David Elliot as Ralph handles his awkward teen years well while Barbara Bolton as the mother provides an ideal stone faced straight man. As "the old man" James Broderick laments touchingly without becoming maudlin. The rest of the cast from his buds to adults like the fast talking tux renters and the under duress movie theatre manager and the "good at math" Wanda Hickey ably fulfill their roles and provide the film with a wealth of incidental material. The Phantom of the Open Hearth is a warm and very funny look back in humor.
This satirical, funny, but also rueful PBS film looks at teenage life
in middle America in the 1950s and is well adapted by humorist Jean
Shepherd from his own writings.
Really a series of episodes, without much of a plot, but lovely details, and pretty strong acting all around -- although the adults seem a touch exaggerated and the teens a touch underplayed in a way that makes me think the intent is to look at the adult world through the slight distortion of teenage eyes.
For me, this was stronger than the PBS produced follow up six years later 'The Great 4th of July and Other Disasters'. While that had a bit more wacky fun, this had more heart, and tartness to go with the sweet.
I saw PHANTOM when first broadcast and many times since. For my money it tops all adaptations of Shep's stories, including A Christmas Story. James Broderick is THE Old Man, playing him without the broad strokes Darren McGavin slathered on him in ACS. Barbara Bolton's spot-on on Ralph's mom, too. And watch Flick! The slightly sardonic, anti-nostalgia edge Shep favored on radio and in print holds sway here--it's as if Shep knew this might be his best (and only) shot at a film version of his stories, and he and all connected hit the notes. Yes, the complete 76-minute version (not the edited hour version played years ago on Disney) can be found with a little online searching. Don't miss it! Excelsior, you fatheads, and FLICK LIVES!
Everyone loves little Ralphie in A Christmas Story, wouldn't you like to see what he went through in high school? Wouldn't you like to see what his prom was like? This PBS movie predates Christmas Story, but is just as funny, if not more so, than the more famous later work. Jean Shepard again narrates his own story.
Yes, this was written and narrated by Jean Shepard years before he did
A Christmas Story, yes, it has many of the same characters in a time a
few years later than that classic, and yes, it even has a first draft
of the leg lamp story that plays such a prominent part in the more
famous movie. But this is nowhere near as good as A Christmas Story.
The movie does has some moments that are funny, particularly during the prom (there's a lovingly horrific description of a corsage), but it also has a lot of moments that aren't particularly funny. And while little boy Ralphie's narcissism is amusing and relatable, I had less sympathy for Ralph, whose attitudes towards women need an attitude adjustment.

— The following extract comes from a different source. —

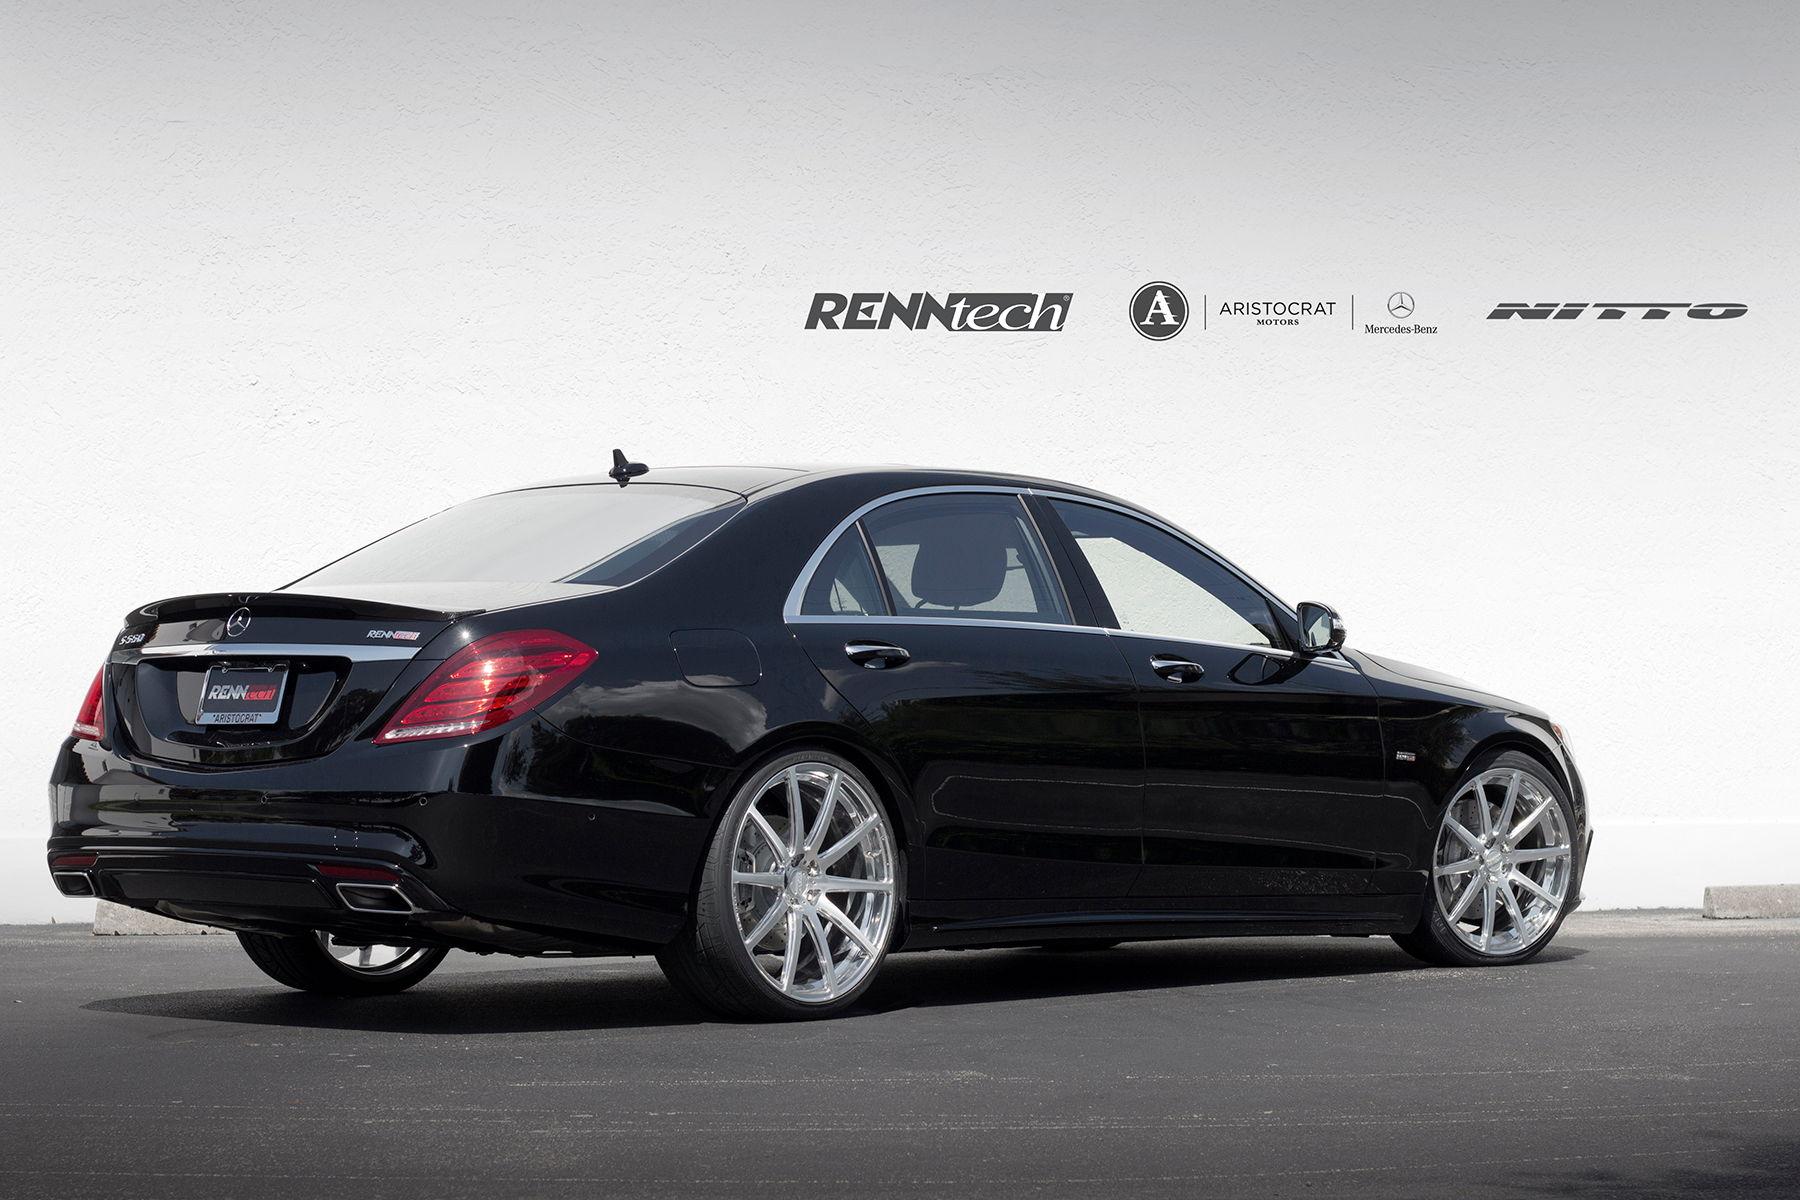 Mercedes benz s 550 renntech aristocrat mbworld for 550 amg mercedes benz
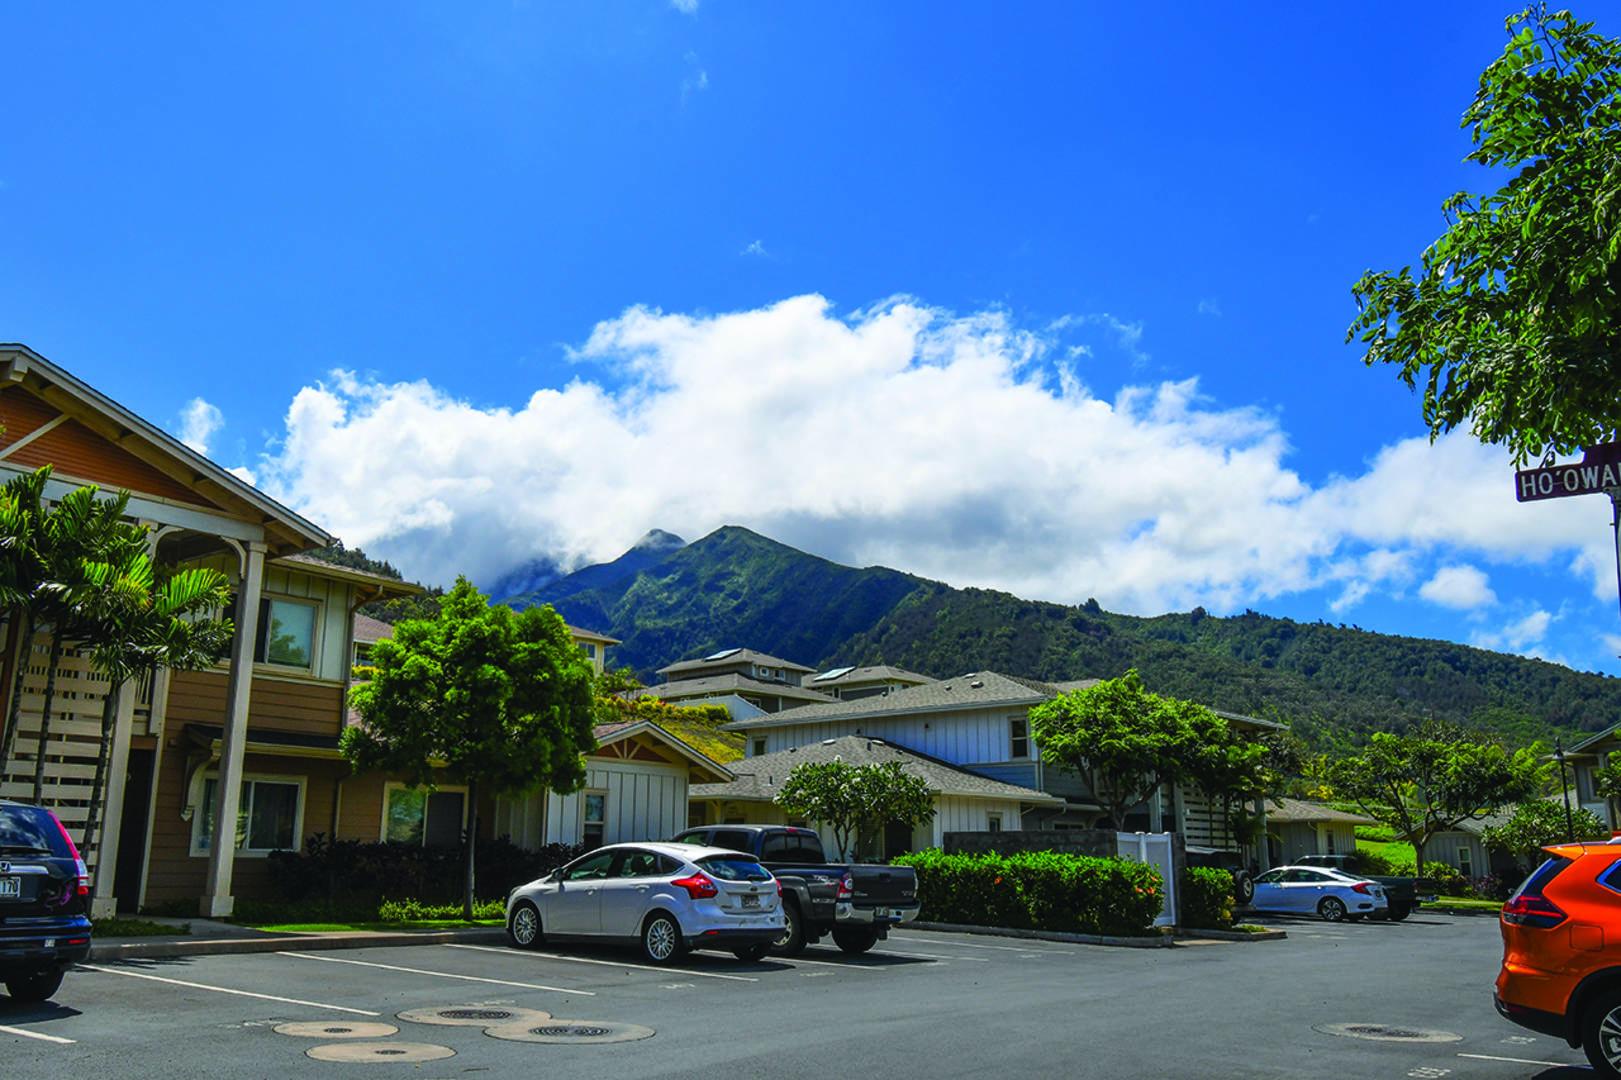 125 Hoowaiwai Unit 1902 Wailuku, HI 96793

The movie is also rather poorly directed. It's done by the people who did the much better Between Time and Timbuktu, and has some of that movie's abstract and surreal touches. Unfortunately, that is totally wrong for the film. There are two cross-cutting scenes in which that two scenes don't in any way support or comment on one another. There's also this weird cutting to the "open hearth" that never resonates.
It's an somewhat interesting movie with some good scenes, but overall it's just not very good.